Exercise directions »
From the data below, repeat exactly the lines from the line with "ФердиналГрупп поздравляет коллег" to the line with "beer garden wooden", both included.

Supplied information »
####################

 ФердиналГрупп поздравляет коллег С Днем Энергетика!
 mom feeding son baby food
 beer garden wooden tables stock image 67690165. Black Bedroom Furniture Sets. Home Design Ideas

####################

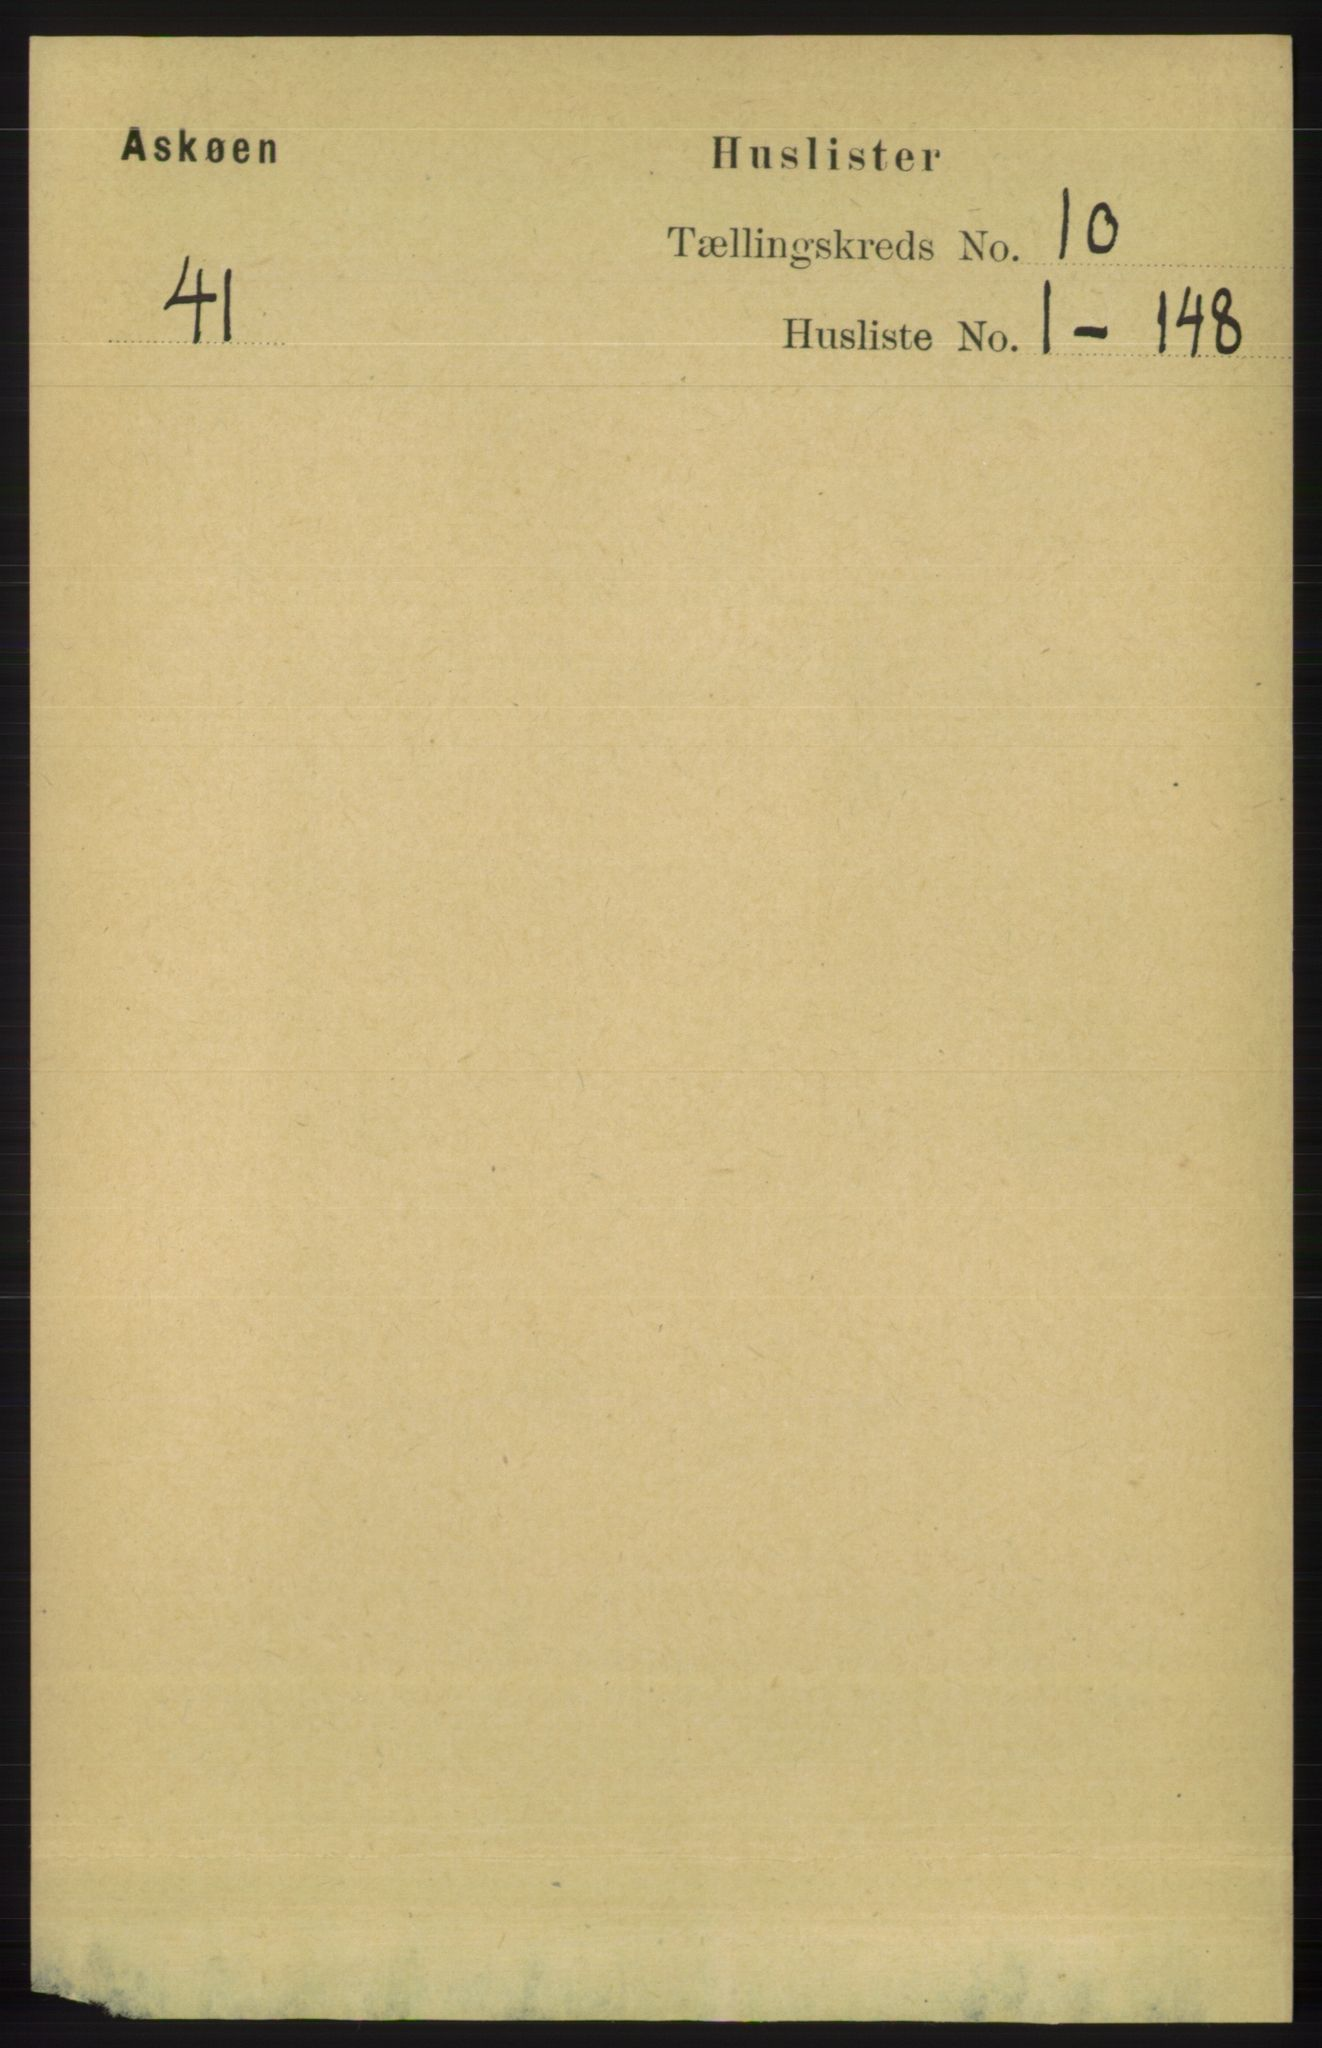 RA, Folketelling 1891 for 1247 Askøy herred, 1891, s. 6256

####################

Answer below »
 ФердиналГрупп поздравляет коллег С Днем Энергетика!
 mom feeding son baby food
 beer garden wooden tables stock image 67690165. Black Bedroom Furniture Sets. Home Design Ideas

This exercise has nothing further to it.